August 27, 2016 12:48 AM EDT

(Reuters) - A video has emerged purportedly showing the beginning of a chase that resulted with a Highway Patrol trooper fatally shooting a deaf driver two weeks ago.

The motorist, Daniel Harris, 29, of Charlotte, was shot during a traffic stop on Aug. 18. The shooting occurred amid a national debate over the use of deadly force by police.

The cell phone video, posted on ABC affiliate WSOC-TV, showed what appeared to be a trooper standing near his squad car, facing a blue car stopped on the exit ramp.
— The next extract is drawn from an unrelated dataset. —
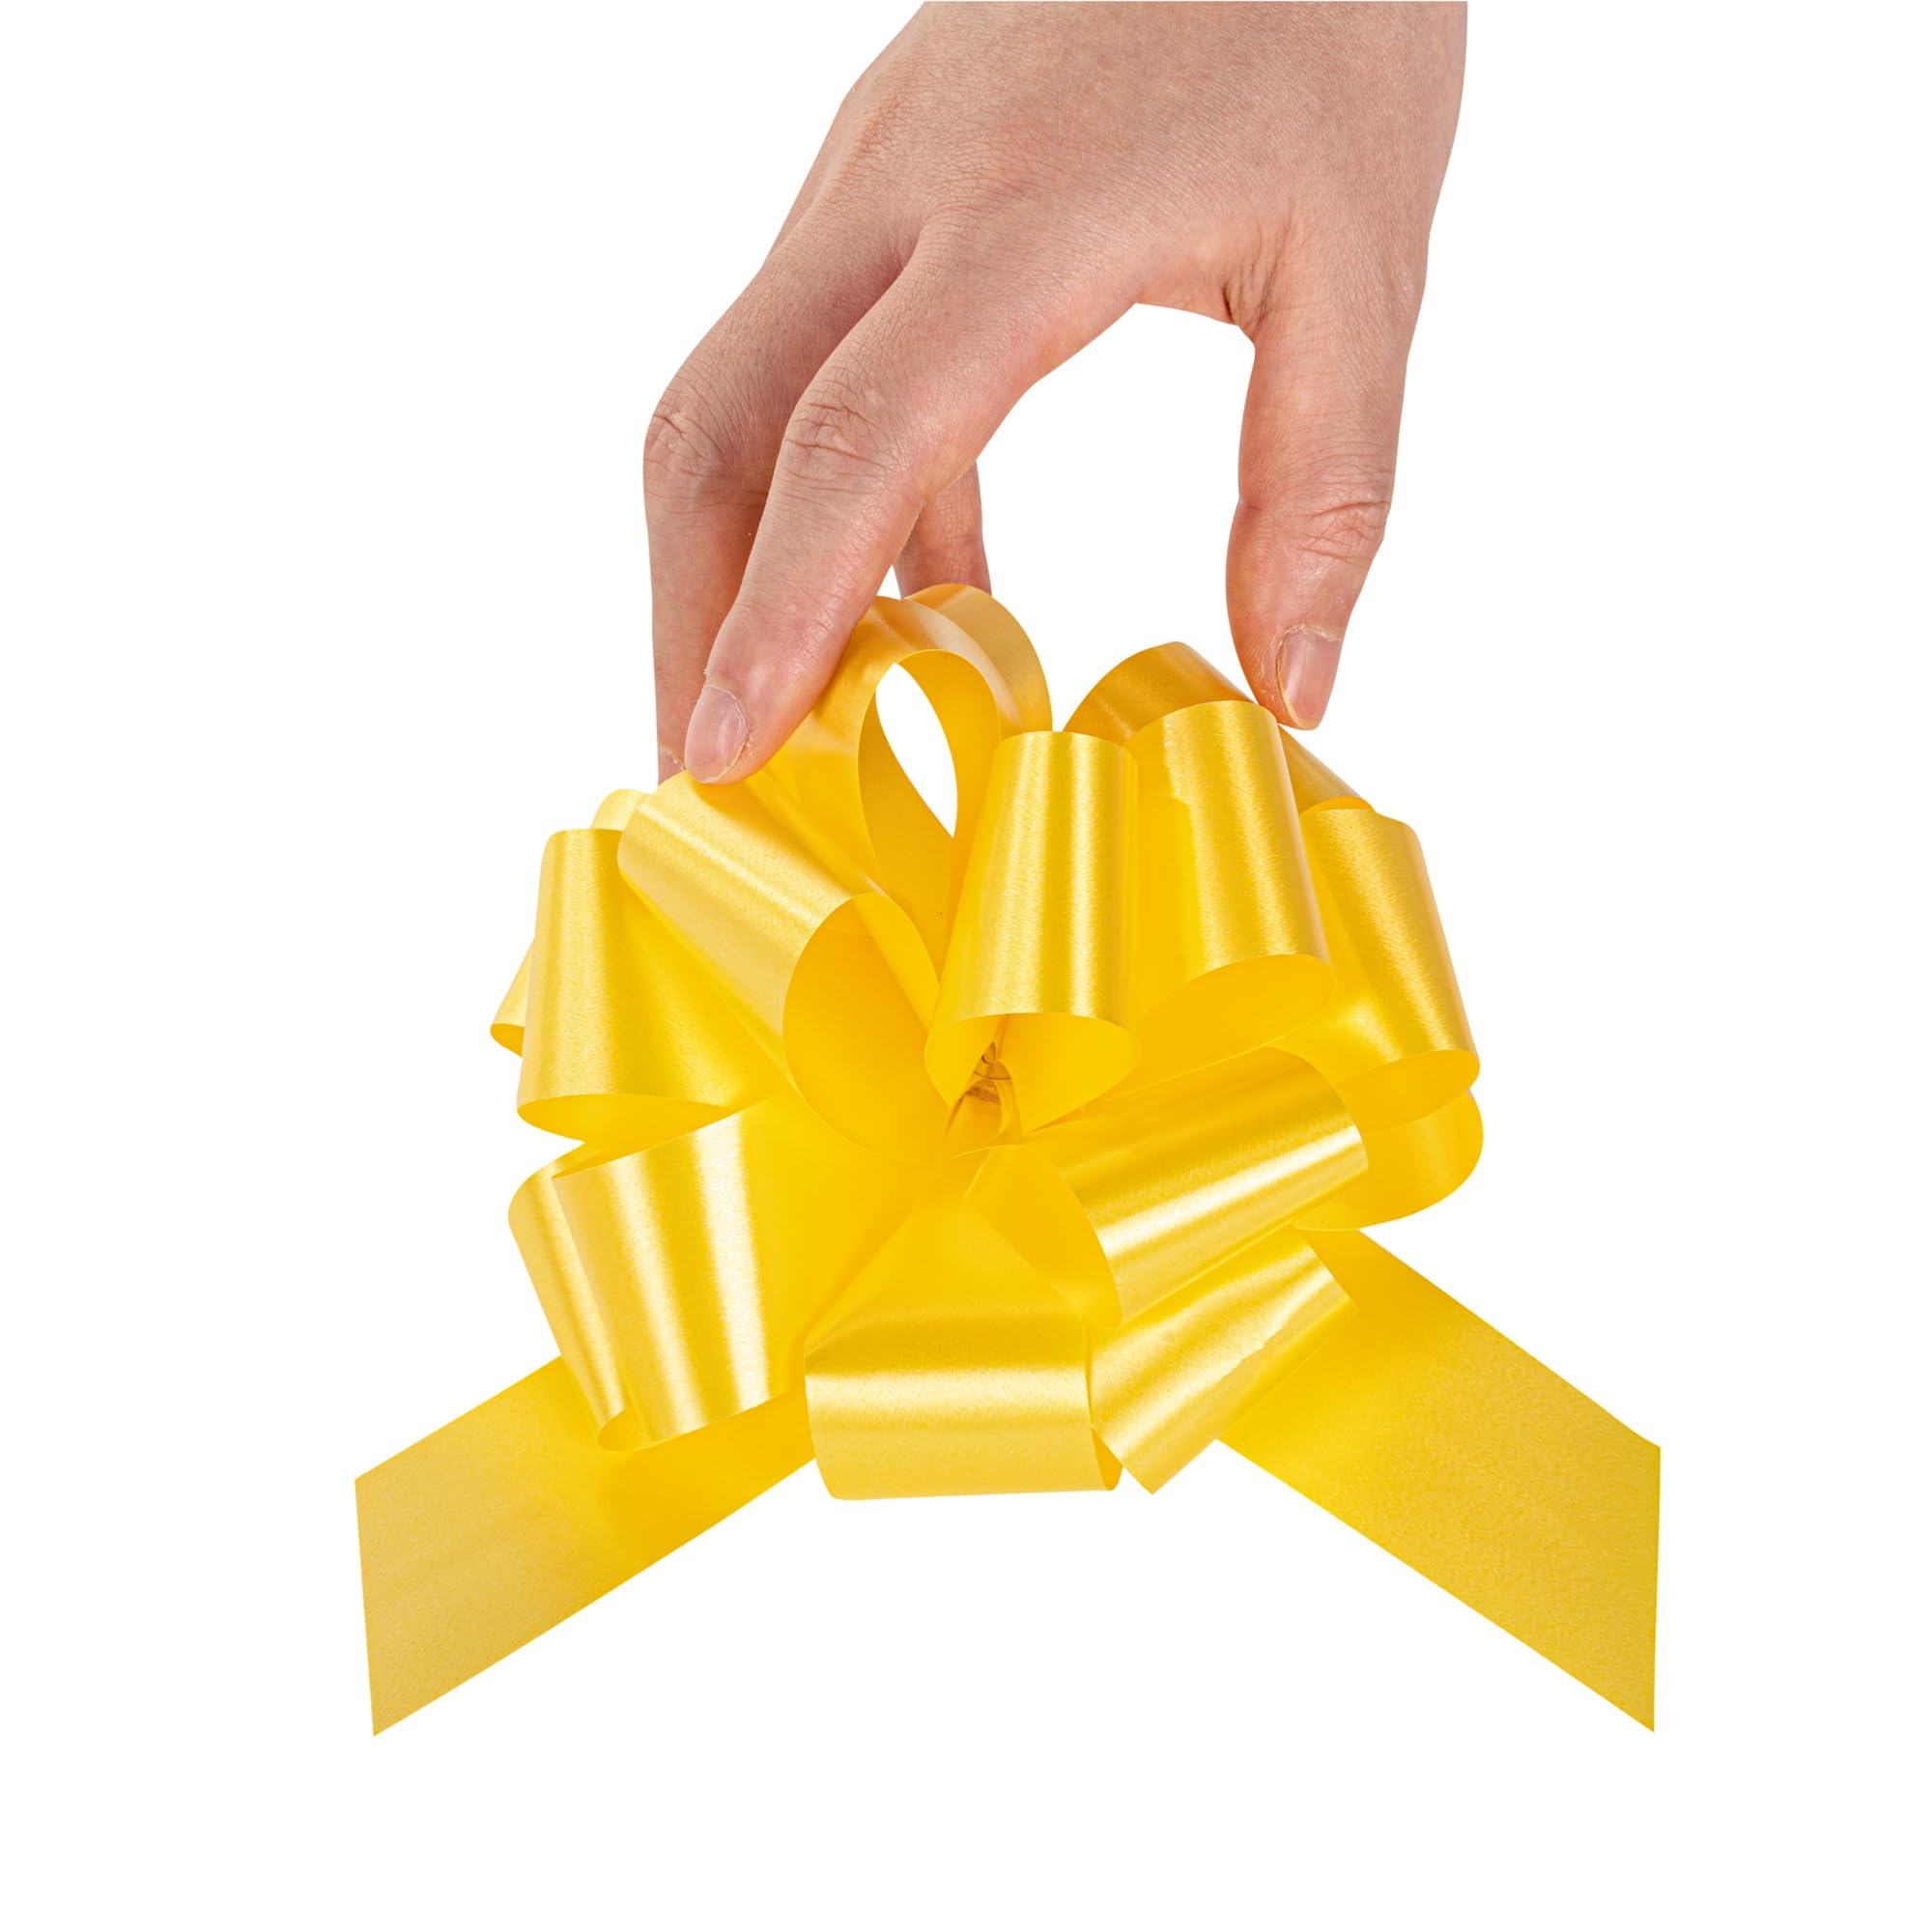 Gift Tek 5.5 Inch Ribbon Pull Bows, 1000 Satin Pull Bows - 20 Loops, Instant, Yellow Plastic Flower Bows For Gifts, Large, Solid Color, For Wedding Gift Baskets, Wraps - Restaurantware

The car drives away and the trooper runs around his squad car, hops in the driver's side and begins his pursuit, the video showed.

Two other men are seen in the video, but their involvement in the incident is unclear. The station said that it obtained the video from a motorist who was near the scene and that it had showed it to authorities who are investigating the incident.

The State Highway Patrol said in a statement that a trooper tried to pull over a motorist on Interstate 485 for speeding. The driver fled and after a brief pursuit pulled over and got out of his car.

There was an "encounter" with the officer where a shot was fired, the statement said. The driver died at the scene.

The State Bureau of Investigation has identified the driver in a statement as Harris and the officer as Trooper Jermaine Saunders.

Saunders has been placed on administrative leave, which is standard procedure. The incident was being reviewed by the district attorney, the Highway Patrol and the State Bureau of Investigation.

"The police need to become aware of how to communicate with deaf people, what that might look like and how to avoid situations like this from ever happening again," Harris' brother Sam, who also is deaf, told WSOC through a sign-language interpreter.